Jugend in Deutschland
Politikverdrossenheit, steigender Alkoholkonsum und eine zunehmende Gewaltbereitschaft - um diese Themen pflegt die aktuelle Diskussion über junge Menschen in Deutschland zu kreisen. Bei der Suche nach Ursachen und möglichen Lösungen für diese in der Tat besorgniserregenden Entwicklungen ist es gemeinhin immer "die Jugend", die im Scheinwerferlicht der Aufmerksamkeit steht. Dabei wird oft sehr holzschnittartig argumentiert.
Es ist eines der Verdienste des Buches, auf die Individualität der jungen Menschen und auf deren Aufbegehren gegen festgeschriebene Rollenzuweisungen mit größerer Gelassenheit einzugehen. Schließlich sind Adoleszenzkonflikte nicht nur sehr komplexe, dynamische und mitunter hoch emotionale Prozesse, sondern immer auch Erwachsenenkonflikte: Zwischen den Generationen gibt es unbewusst funktionierende Bündnisse, Aufträge und Interessenverschränkungen, die man zunächst einmal kennen muss.

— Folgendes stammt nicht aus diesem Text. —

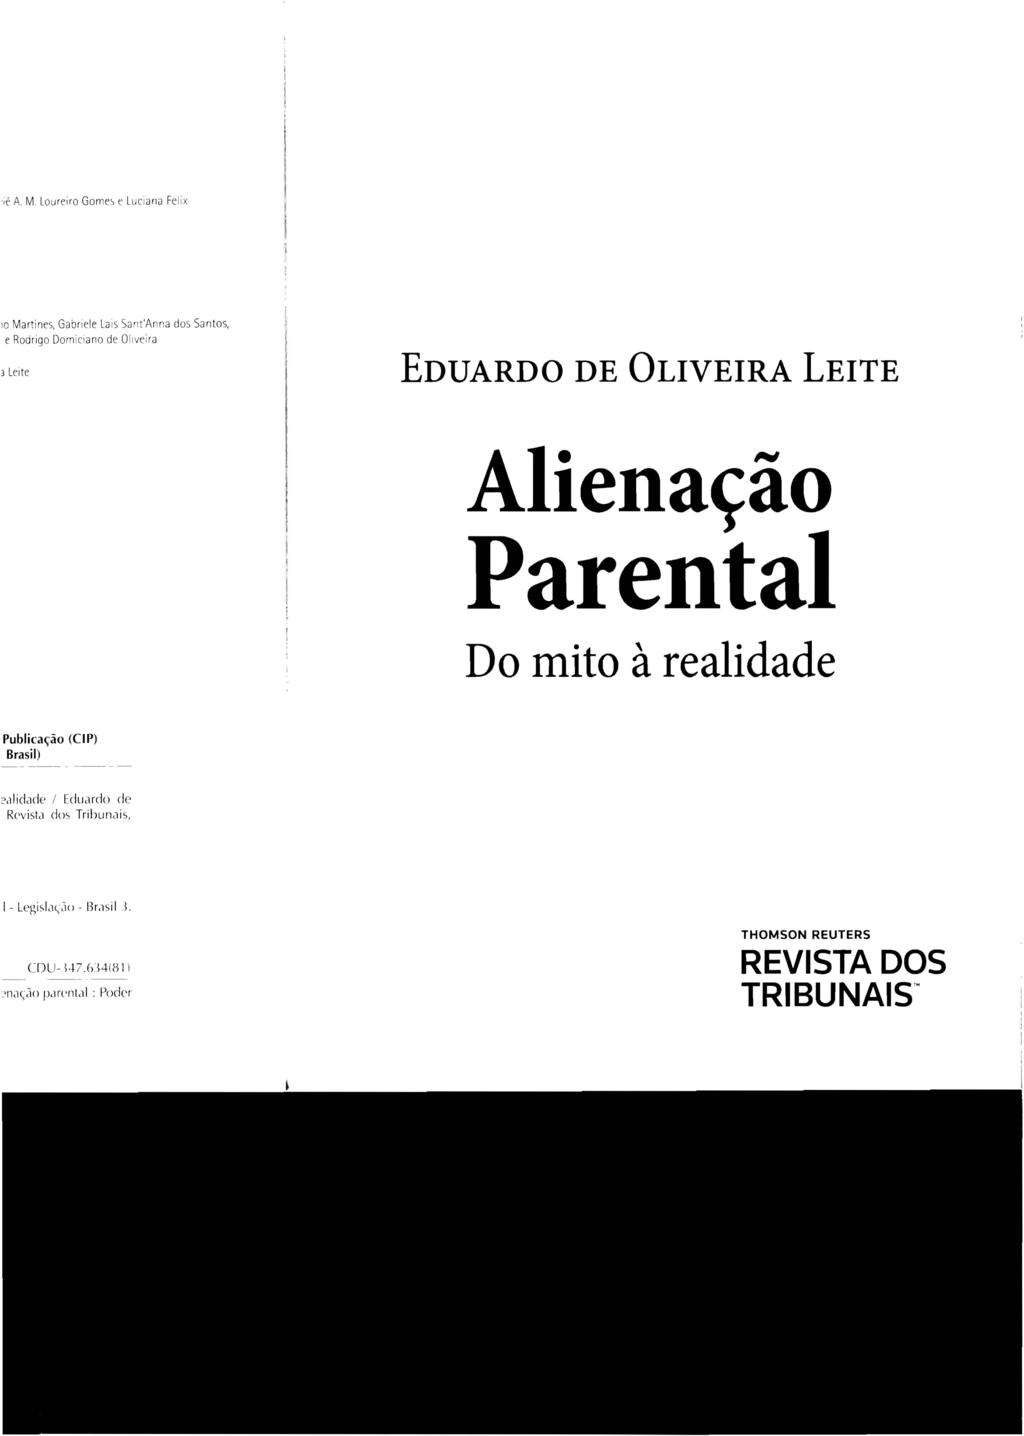 EDUARDO DE OLIVEIRA LEITE Alienação Parental Do

Hervorgegangen aus einer Konferenz im Juli 2001 an der Technischen Universität Berlin über "Adoleszenzkonflikte als gesellschaftliches Problem in Ost und West", setzen Ute und Wolfgang Benz mit der Publikation "Jugend in Deutschland" den interdisziplinären Dialog fort, der mit dem Thema "Deutschland deine Kinder" begonnen hatte.
Die um zusätzliche Beiträge erweiterte Arbeit informiert insbesondere durch ihre theorie- wie praxisgeleitete Konzentration auf Themen wie Konflikte, Traditionen, Erfahrungen, Rechtsextremismus und Jugendgewalt. Deutlich wird bei der Lektüre beispielsweise, dass die Zeit des Heranwachsens in ihren Auswirkungen auf die Eltern - und hier vor allem für die wachsende Gruppe der Alleinerziehenden - oft unterschätzt, ja gleichsam negiert wird. Dabei haben sich Eltern mit widersprüchlichen Gefühlen auseinander zu setzen. Sorge, Kränkung und Freude gehen oft nebeneinander her. Auch durchlaufen Erwachsene einen Prozess der Erfahrung von Verlust, Trauer um das Ende eines Lebensabschnittes, aber auch die Entlastung von Verantwortung.
Zu berücksichtigen ist stets, dass beim Erfolg oder Misserfolg adoleszenter Entwicklung immer auch kollektive Faktoren ins Gewicht fallen. Nie ist es ausschließlich nur "die Jugend", die bei problematischen Entwicklungen allein verantwortlich gemacht werden kann.
Die Autorin ist Medien- und Politikwissenschaftlerin; sie lebt und arbeitet in Konstanz.
Ute und Wolfgang Benz (Hrsg.)
Jugend in Deutschland. Opposition, Krisen und Radikalismus zwischen den Generationen.